Menurut Fattah Jalal, Islam dicerminkan sang ayat 151 surat Al-Baqarah tadi memandang proses ta’lim sebagai lebih menurut universal menurut tarbiyah. Sebab, saat mengajarkan tilawah Qur’an kepada kaum muslimin, Rasulullah SAW. Tidak sekedar terbatas dalam mengajar mereka membaca, melainkan membaca disertai perenungan mengenai pengertian, pemahaman, tanggung jawab dan penanaman amanah. Dari membaca semacam itu Rasulullah SAW. Membawa mereka kepada tazkiyah, yakni penyucian dan pembersihan diri insan dari segala kotoran serta menjadikan diri itu berada pada suasana yang memungkinkannya dapat mendapat nasihat, menyelidiki segala yang nir diketahui serta yg berguna. Al-Hikmah nir bisa dipelajari secara parsial dan sederhana, tetapi harus mencakup keseluruhan ilmu secara integral. Kata Al-Hikmah asal menurut Al-Ihkam, yang dari Fattah Jalal berarti “keunggulan pada pada ilmu, amal, perbuatan serta atau pada pada semuanya itu”.[21] 

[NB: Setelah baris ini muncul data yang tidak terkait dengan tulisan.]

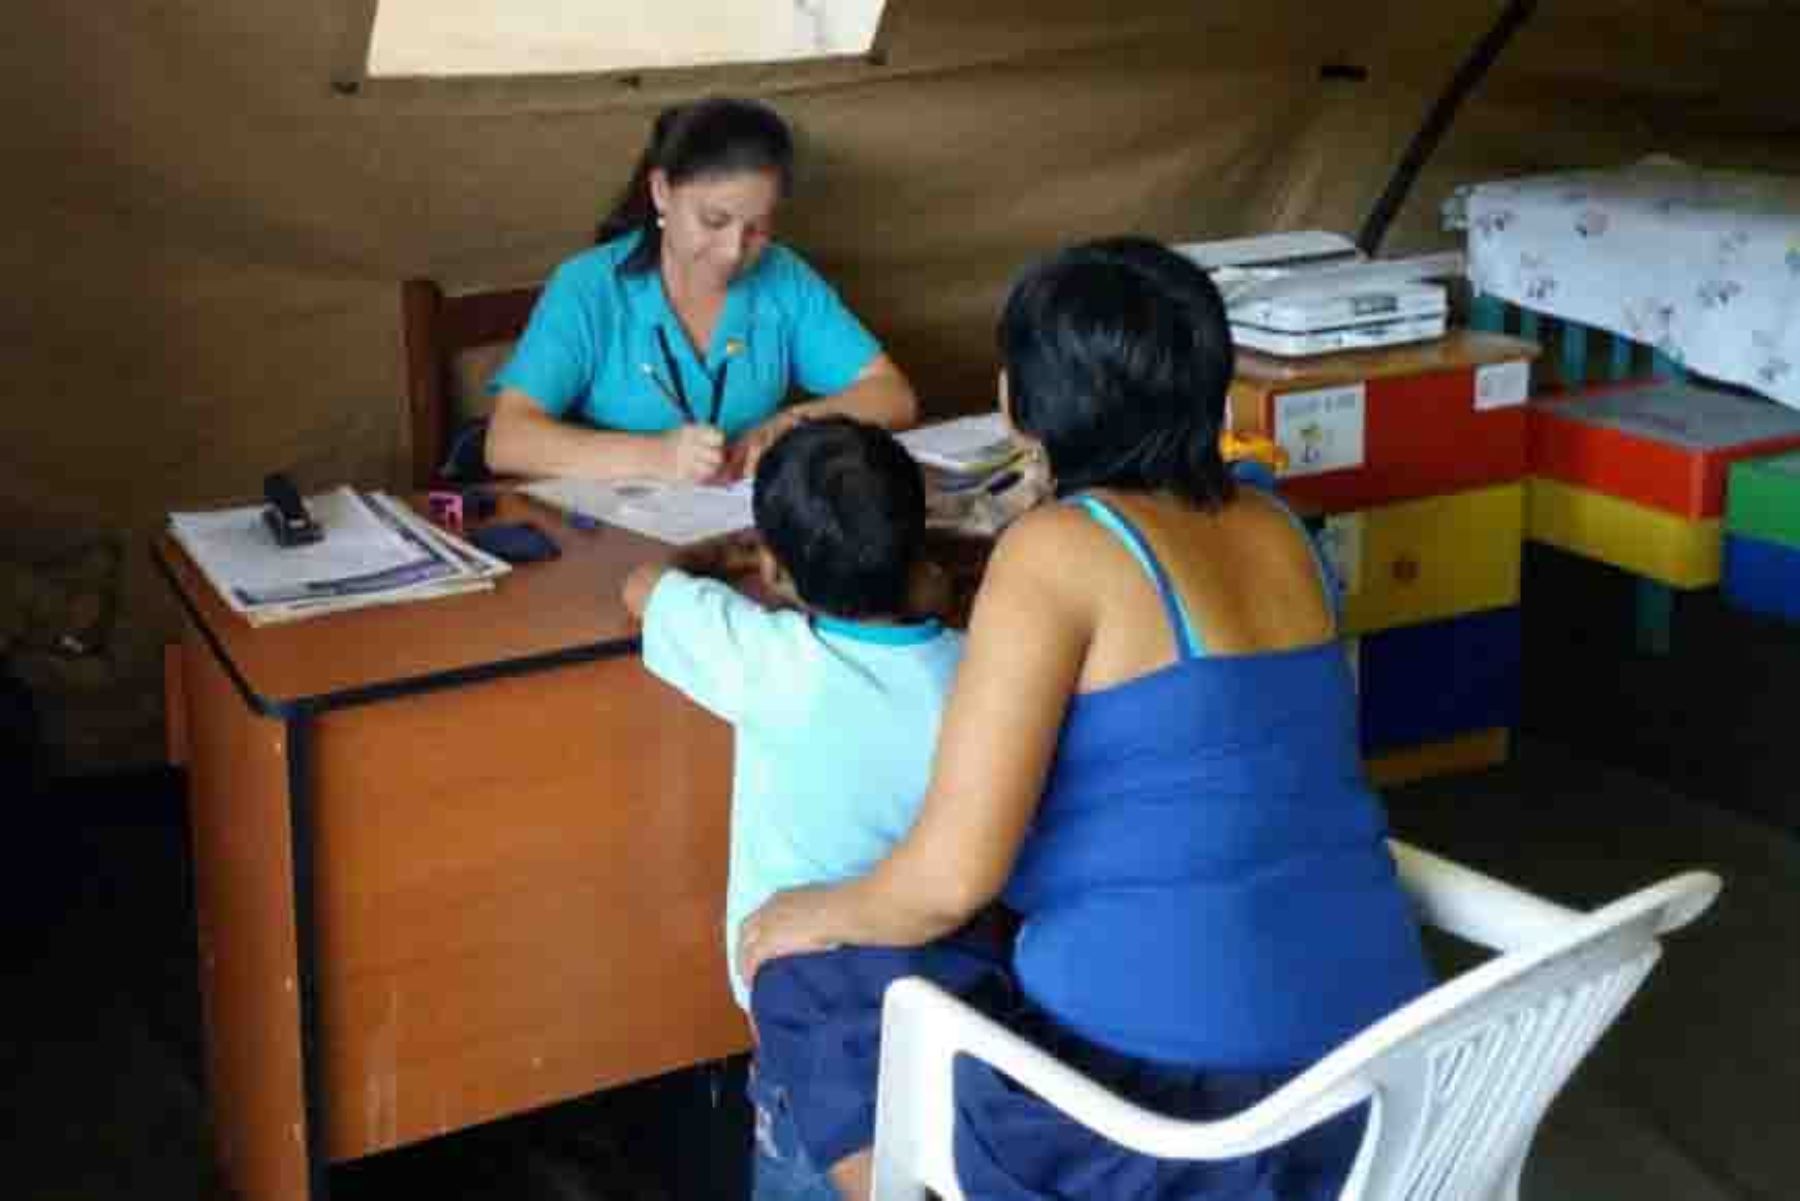 Cuatro casos confirmados de varicela se reportaron hoy en la región Lambayeque, por lo que la Gerencia Regional de Salud recomendó a la población medidas para hacer frente a esta enfermedad.

Kata hikmah juga mempunyai arti bisa menangkap gejala dan hakikat pada balik sebuah insiden. Mereka nir hanya melihat apa yang tampak, namun dengan mata bathinnya (bashirah), mereka bisa mengenal apa yang berada pada kembali yang tampak tersebut. “Inilah yang dimaksudkan menggunakan hikmah yang nir lain diartikan menjadi kearifan (the man of wisdom)”.[22] 

C. At-Tarbiyah
Jika diamati lebih intens, tampak kata tarbiyah yg sudah sekian abad digunakan memperoleh porsi sorotan lebih tajam dibandingkan sorotan dalam istilah ta’lim dan ta’dib. Hal tersebut dapat dimaklumi, lantaran istilah tarbiyah itulah yg dikembangkan secara umum dikuasai para ahli disepanjang sejarah.[23]

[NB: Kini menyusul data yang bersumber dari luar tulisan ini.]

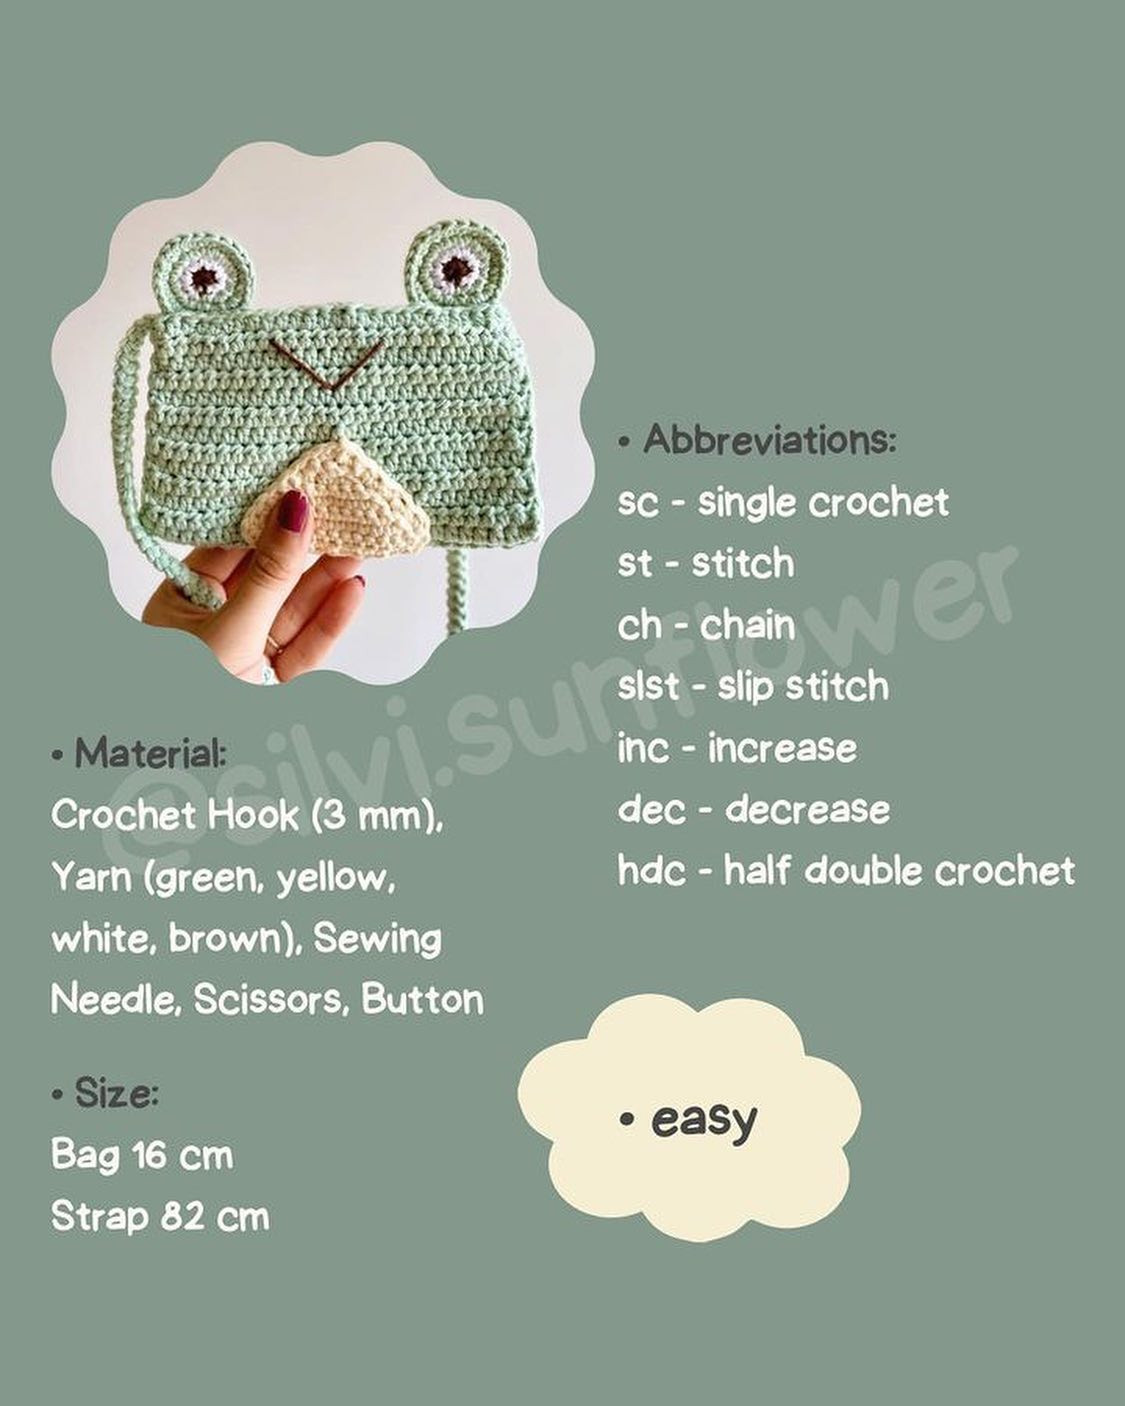 free pattern frog bag

Tetapi yg lebih menarik buat disimak ádalah bagaimana argumentasi pokok yang menjamin kata tarbiyah menjadi yg lebih relevan pada menggambarkan konsep dan aktifitas pendidikan Islam.

Athiyyah Al-Abrasyi serta Mahmud Yunus menyatakan bahwa kata tarbiyah serta ta’lim berdasarkan segi makna istilah maupun aplikasinya memiliki disparitas fundamental, mengingat berdasarkan segi makna, istilah tarbiyah berarti “mendidik, sedangkan ta’lim berarti mengajar, 2 kata yg secara substansial nir bisa disamakan”.[24]

Perbedaan mendidik serta mengajar berdasarkan kedua ahli pada atas sangat mendasar sekali. Mendidik berarti mempersiapkan peserta didik dengan segala macam cara, supaya dapat mempergunakan energi dan bakatnya dengan baik, sebagai akibatnya mencapai kehidupan yang sempurna di pada rakyat. Oleh sebab itu, tarbiyah meliputi pendidikan jasmani, pendidikan ‘aql, perasaan, keindahan serta kemasyarakatan. Sementara ta’lim adalah keliru satu dari pendidikan yg bermacam-macam itu.

Dalam ta’lim, guru mentransfer ilmu, pandangan atau pikiran kepada siswa menurut metode yg disukai, sedangkan pada tarbiyah siswa turut terlihat membahas, memeriksa, mengupas, serta memikirkan soal-soal yang sulit serta mencari solusi buat mengatasi kesulitan itu menggunakan energi dan pikirannya sendiri. Oleh karena itu, ta’lim sebenarnya adalah tarbiyah ‘aql, bagian dari tarbiyah menggunakan tujuan supaya peserta didik menerima ilmu pengetahuan atau kemampuan berpikir. Sedangkan tarbiyah mengarahkan siswa supaya hidup berilmu, beramal, bekerja, bertubuh sehat, ber’aql cerdas, berakhlak mulia serta pintar pada tengah-tengah masyarakat.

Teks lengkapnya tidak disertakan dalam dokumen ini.